#### TASK STATEMENT
Produce an exact transcription of the listing below, omitting the pictures.

┌─ COLLECTED DATA

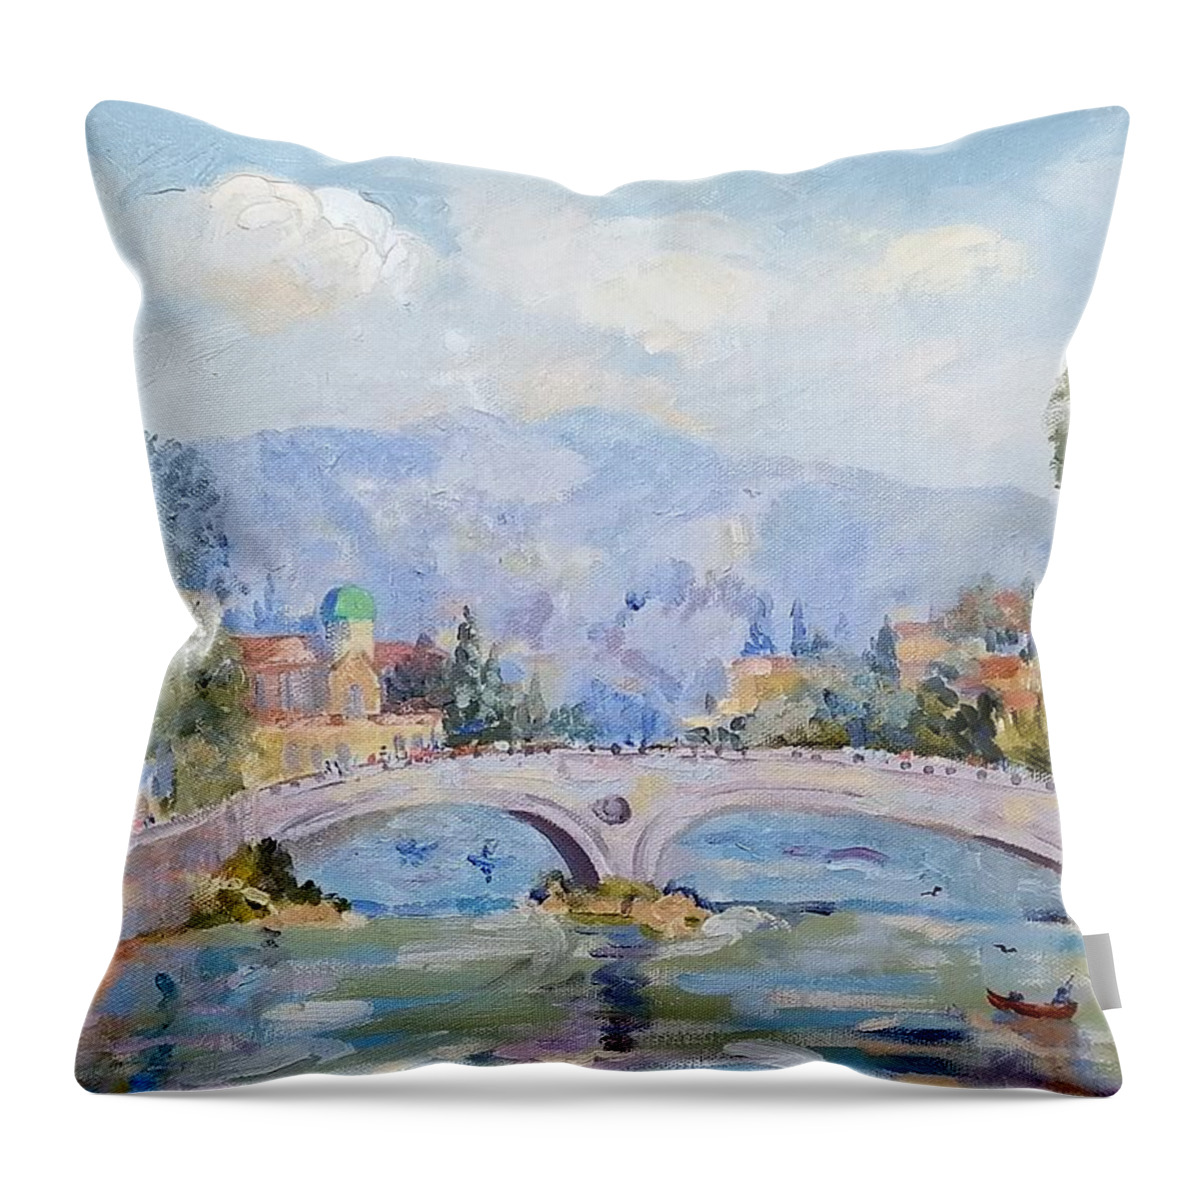 Landscape Throw Pillow featuring the painting Ponte Vittoria Verona by Elinor Fletcher
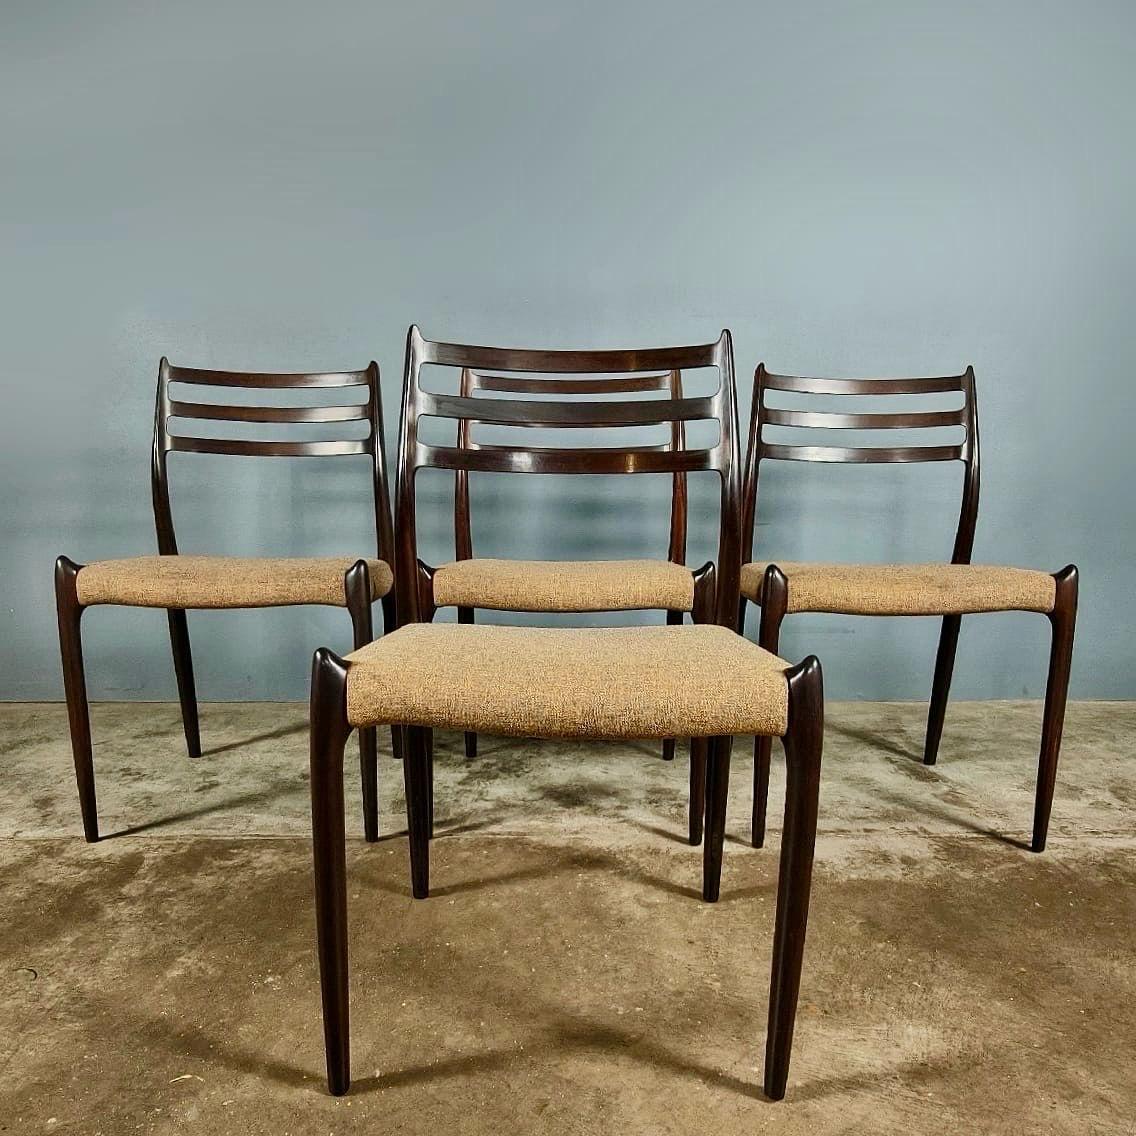 New Stock ✅

4 x Model 78 Rosewood Dining chairs by Niels Otto Moller for J.L. Mollers Mobelfabrik 

In 1944, Niels Otto Møller founded J.L. Møllers Møbelfabrik in Denmark. J. L. Møllers Møbelfabrik produces chairs of extremely high quality, in

└─

#### EXERCISE SOLUTION
 Landscape Throw Pillow featuring the painting Ponte Vittoria Verona by Elinor Fletcher
 New Stock ✅

4 x Model 78 Rosewood Dining chairs by Niels Otto Moller for J.L. Mollers Mobelfabrik 

In 1944, Niels Otto Møller founded J.L. Møllers Møbelfabrik in Denmark. J. L. Møllers Møbelfabrik produces chairs of extremely high quality, in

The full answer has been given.